Osuna got an out to open the 10th inning, but couldn’t continue after that because of an injury. Finally, with his four top relievers used up, Gibbons called upon Francisco Liriano. The veteran left-hander then showed Gibbons what he’d missed by having Stroman start against the lefty-allergic Orioles. He faced five batters, and between good execution and some help from his old battery mate Russell Martin, Liriano got four ground balls and a strikeout. The Orioles did nothing against the Toronto bullpen, but almost less than nothing against Liriano.
Finally, though, in the top of the 11th, a lefty got up and began warming in the visitors’ bullpen. Relief spread throughout Baseball Twitter for a moment. Finally, Britton was coming in. Overdue, but—
Wait. Stop. It was Brian Duensing. No. Wait. What? Yes, that Brian Duensing. When he trotted in and took the mound to face Carrera leading off the bottom of the 11th, Duensing brought a playoff track record with him, and Ernie Johnson eagerly pointed that out to the viewers at home. Duensing pitched for the Twins in the ALDS in both 2009 and 2010. What Johnson didn’t mention is that Duensing had an 11.25 ERA in those two series, getting rocked by the Yankees for five runs in each of his two truncated starts. This is the guy Showalter brought in, after getting 5 â…” scoreless innings from his four primary middle relievers.
Improbably, Duensing struck out Carrera. It didn’t matter. By that point, it was clear. Zach Britton wasn’t coming into the game unless the Orioles got a lead. And the Orioles weren’t getting a lead.
9. The final dagger falls.
Ubaldo Jimenez had a great September. After returning from the bullpen to shore up a desperate rotation, he was good enough to help the Orioles get this far. He really was vital to that happening, and that should be acknowledged. That said, he had no business on the mound in the bottom of the 11th inning, facing the top of the Blue Jays’ order without his usual routine of preparation, and absent any margin for error whatsoever.
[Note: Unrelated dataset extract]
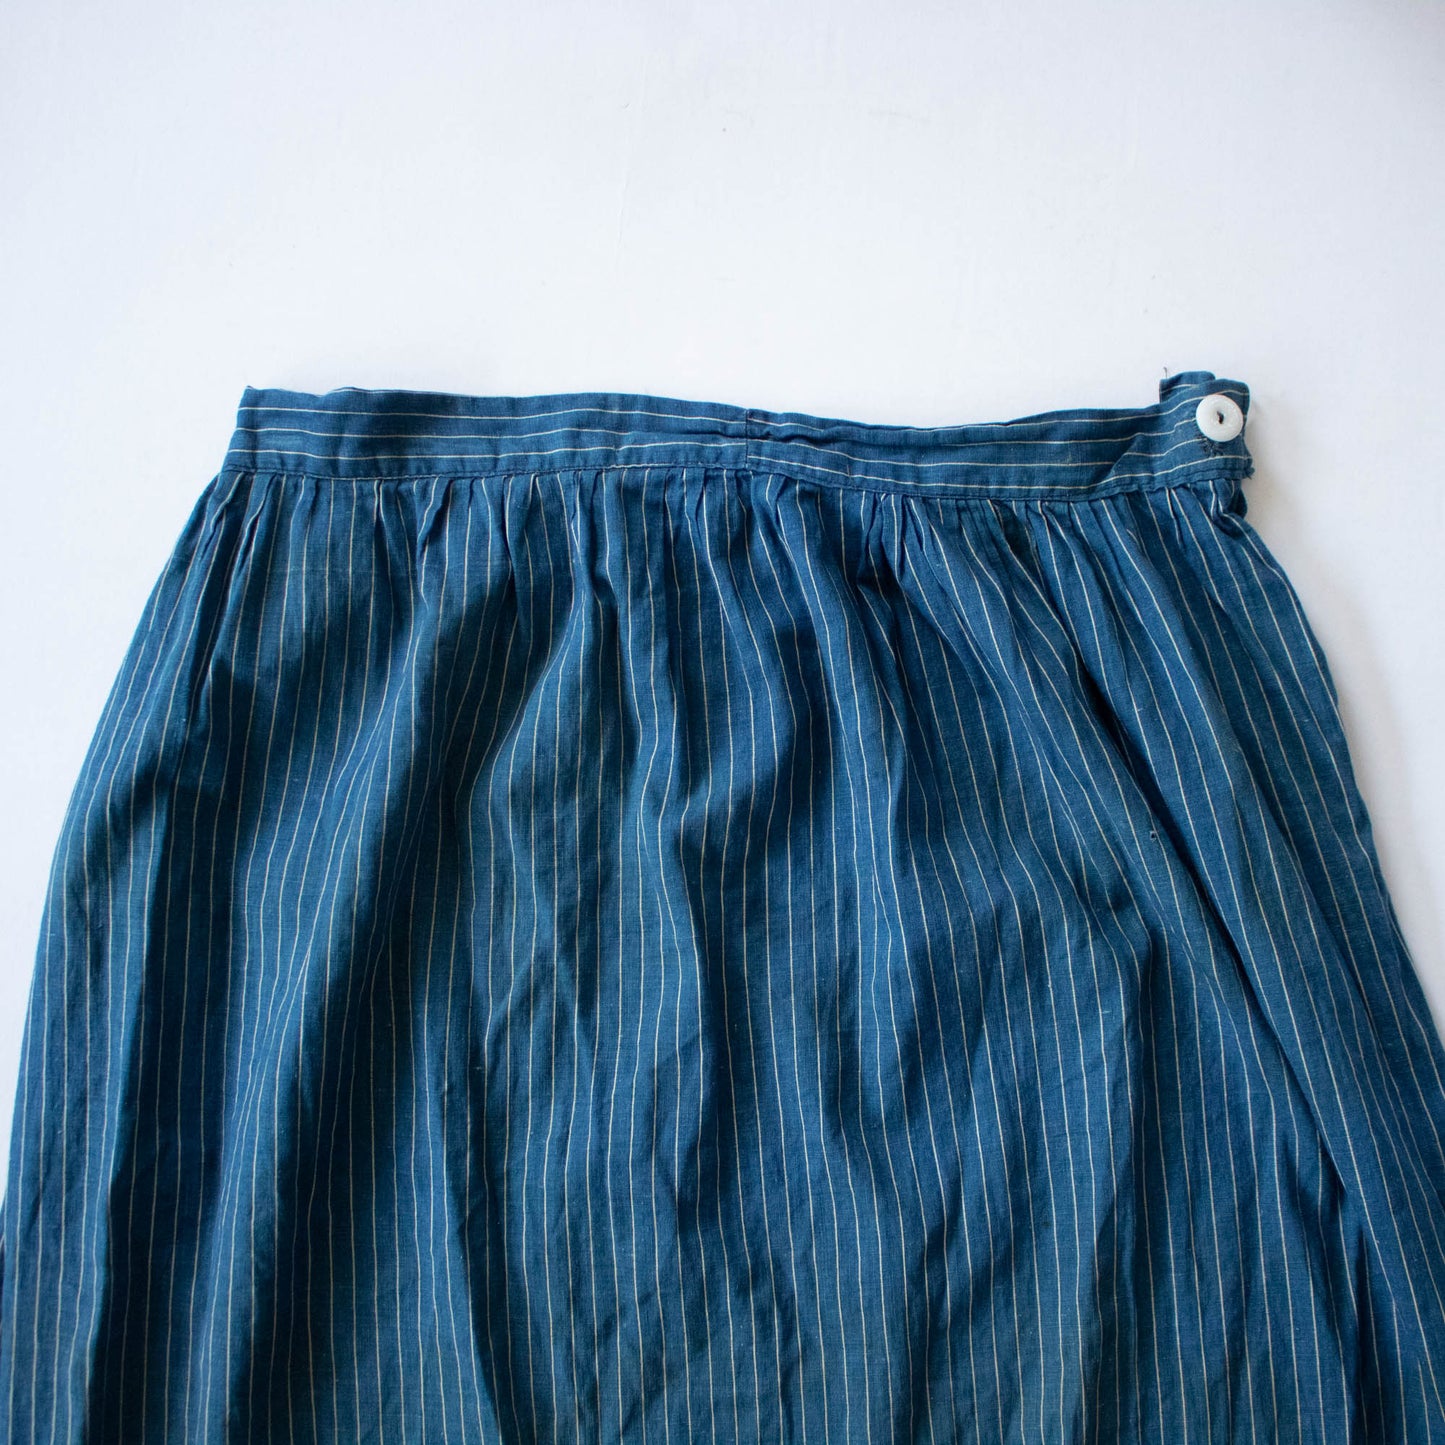 Indigo Striped Calico Skirt

The deed still had to be done. Travis singled, and Donaldson singled, too, with Travis reaching third base on a misplay by left fielder Nolan Reimold. That brought up Encarnacion, who has hit more home runs over the last five years than all but one other player in MLB. Walking him might have made sense, if Jimenez weren’t unfortunately prone to walking people in the first place. As it was, the Orioles needed to pitch to Encarnacion with a base empty, and hope for the best.
Encarnacion crushed the very first pitch, puncturing the suspense of the moment with good, old-fashioned thunder. It was a wild moment, a wonderful one, and the crowd in Toronto went wild. Meanwhile. Baseball Twitter wondered why on earth Britton had never pitched.
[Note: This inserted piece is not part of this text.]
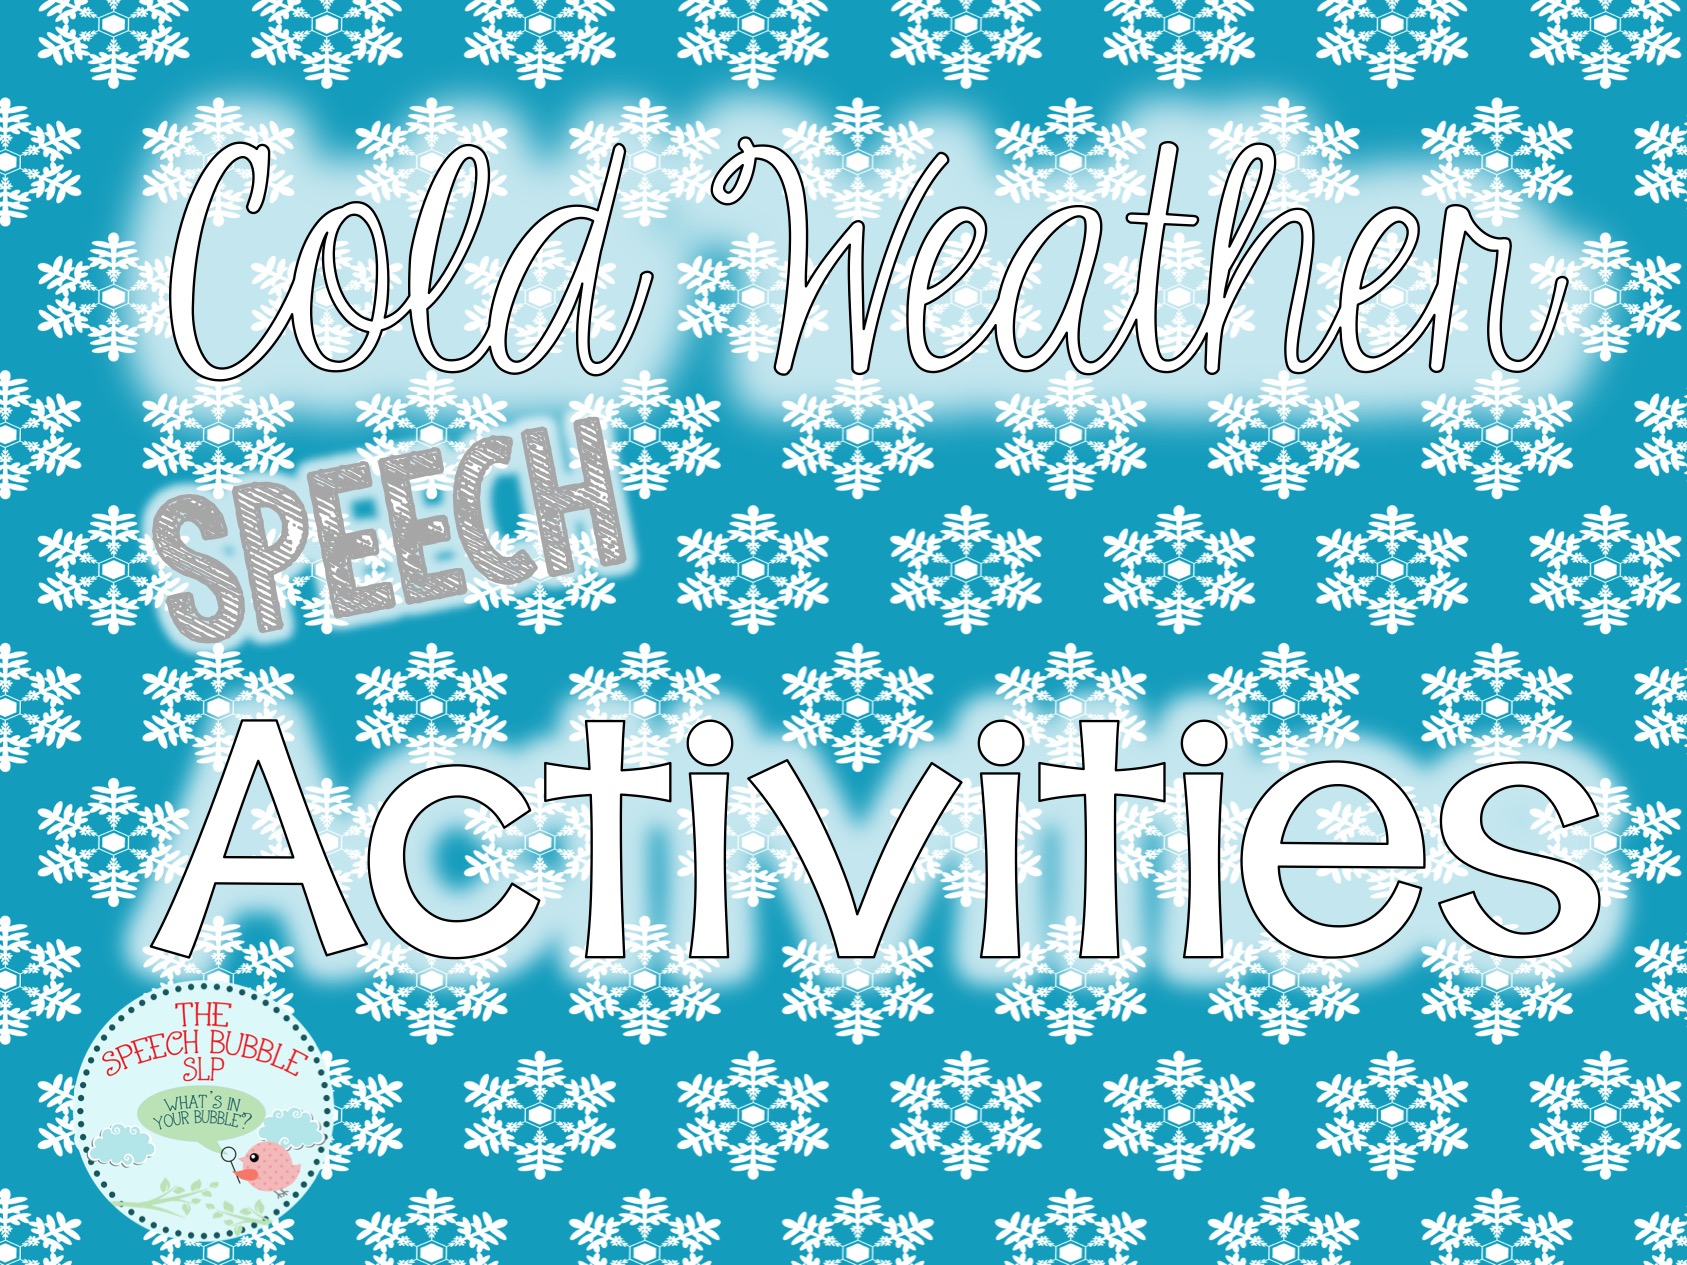 Cold Weather Speech Activities

It’s a fair question. Showalter ultimately put a vulnerable pitcher in to face the vicious foursome at the top of the Toronto batting order, when he had one more great option available to him. Still, it’s silly to talk about Showalter costing the team the game. It’s not Showalter’s fault that Orioles hitters were jumpy, missing hittable pitches, chasing unhittable ones. He got them as far as the 11th inning with brilliant bullpen management in the fifth inning, continuing all the way through to the ninth. Using Britton might have gotten them to the 12th inning, but there’s no evidence that the Orioles were on the verge of breaking through against Liriano, and since he had thrown only 17 pitches, it’s unlikely that he was about to be lifted.
The Blue Jays are a better team than the Orioles. They’re a more well-balanced offense and a much better defensive team. They have better starting pitching. John Gibbons doesn’t always push the right buttons, but as it turns out, no manager does. This game could have broken either way. Showalter made good moves and bad ones; so did Gibbons. In this game, talent (and a little luck) won the day, not any single strategic oversight.